Exercise directions -> All lines from the one containing "OCEAN WARFARE. Jan-July" through the last line of the listing should be given again exactly, with no pictures.

Given information ->
---------------

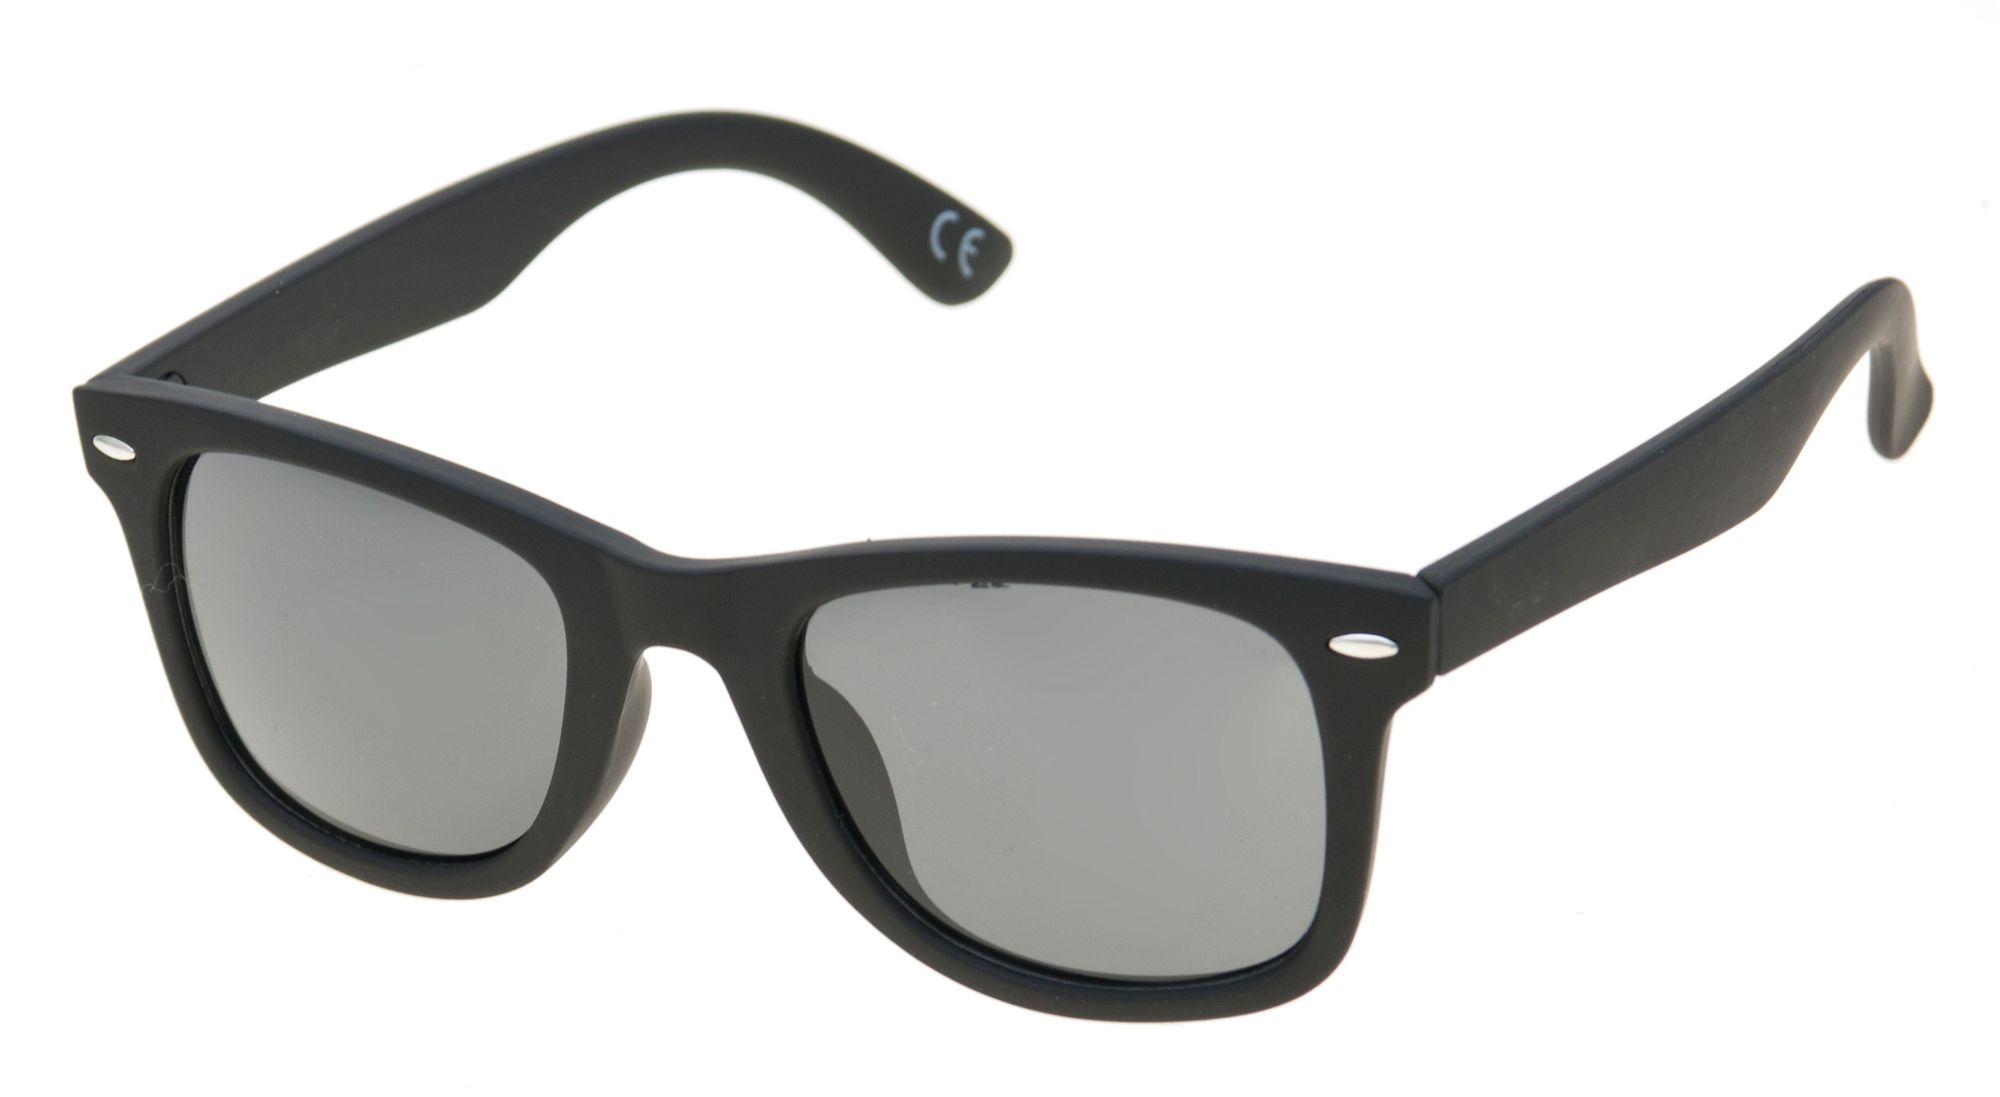 Alpine Design Classic Square Black Lens Sunglasses
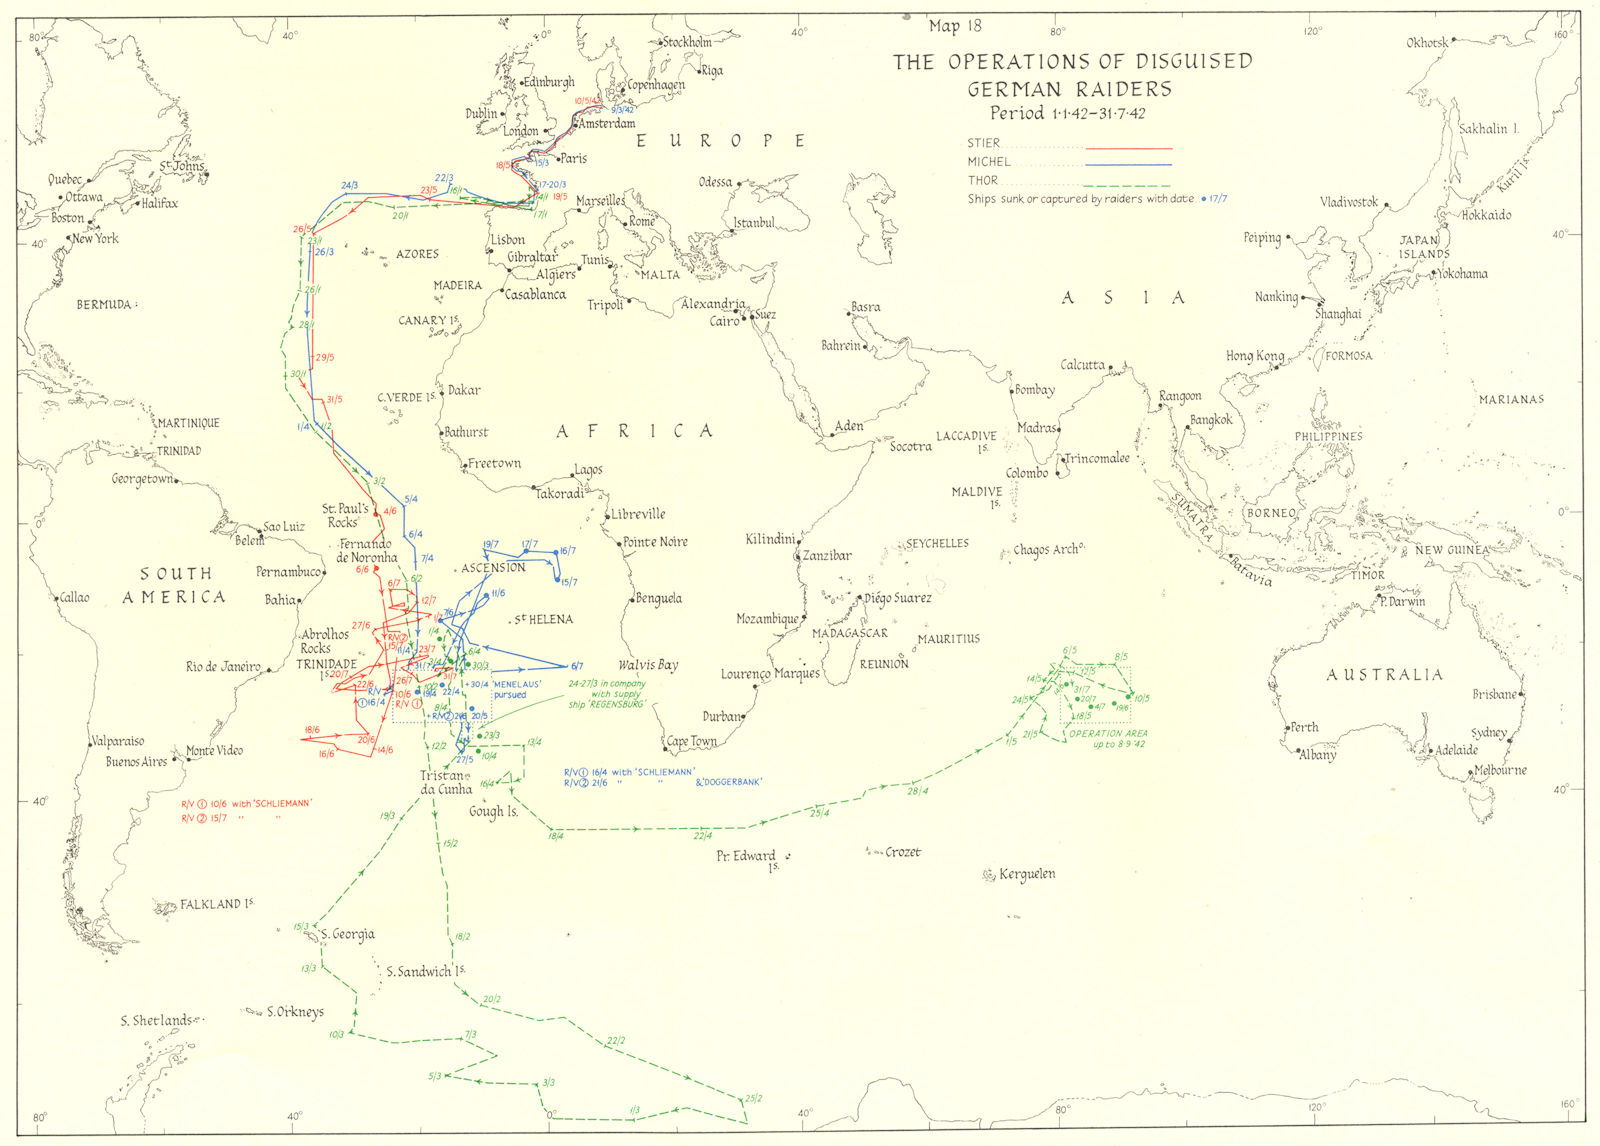 OCEAN WARFARE. Jan-July 1942. Operations of disguised German raiders 1956 map
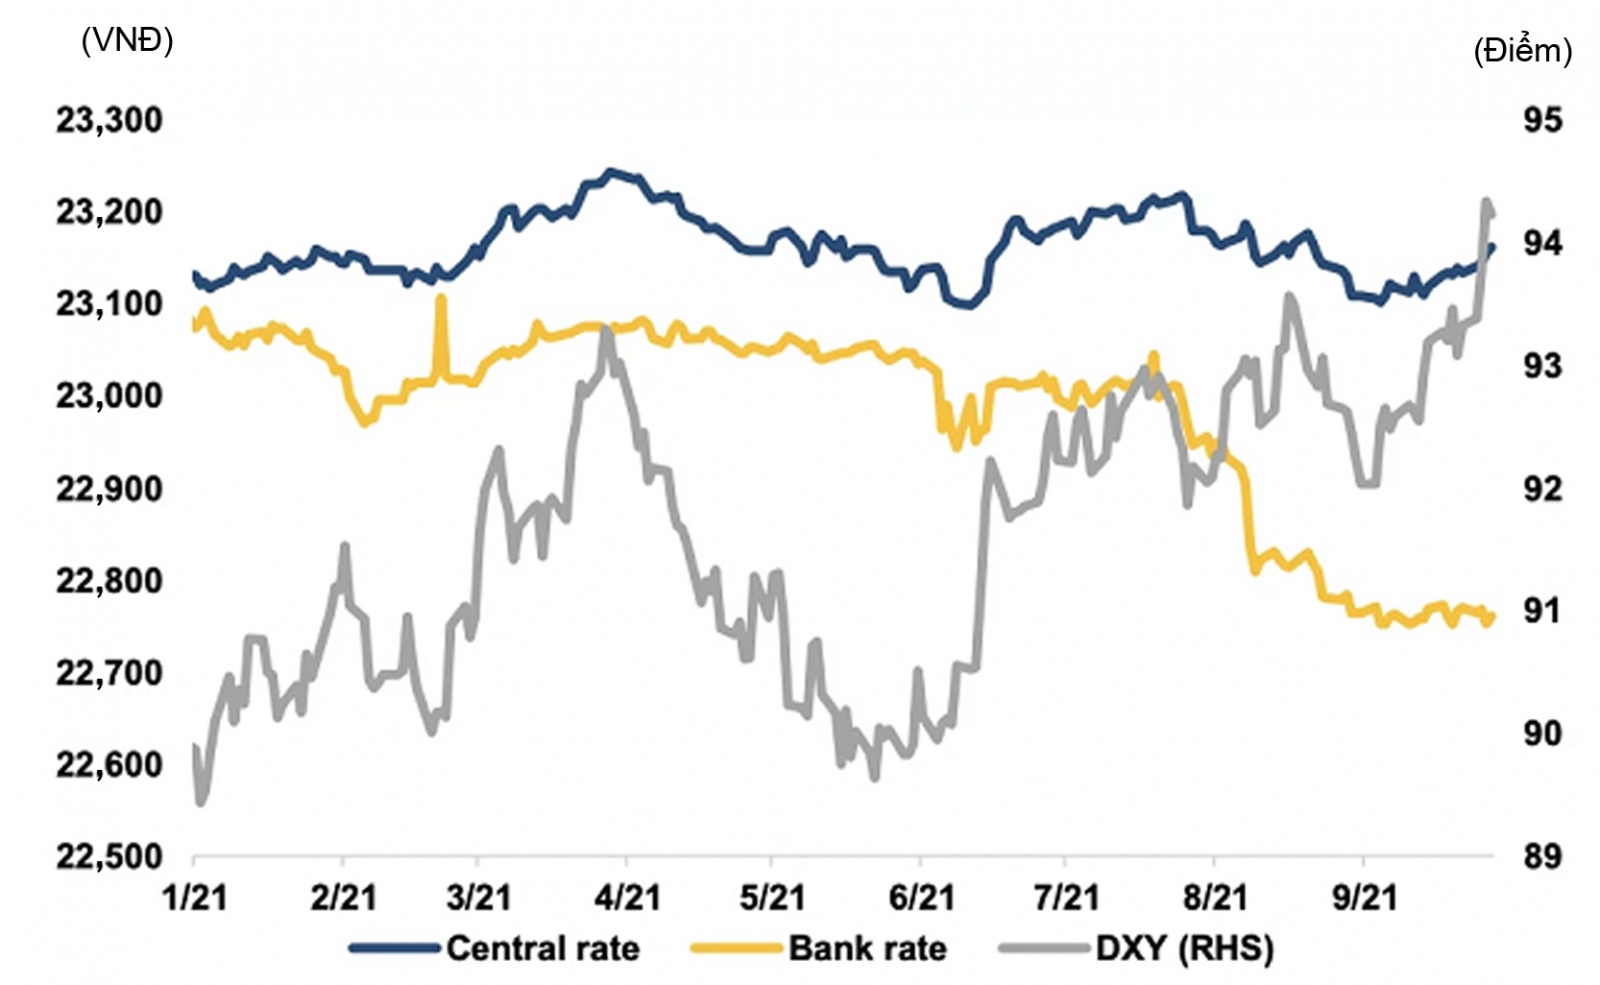  Tỷ giá USD/VND khá ổn định trong 9 tháng đầu năm nay.

---------------

Reply ->
 OCEAN WARFARE. Jan-July 1942. Operations of disguised German raiders 1956 map
  Tỷ giá USD/VND khá ổn định trong 9 tháng đầu năm nay.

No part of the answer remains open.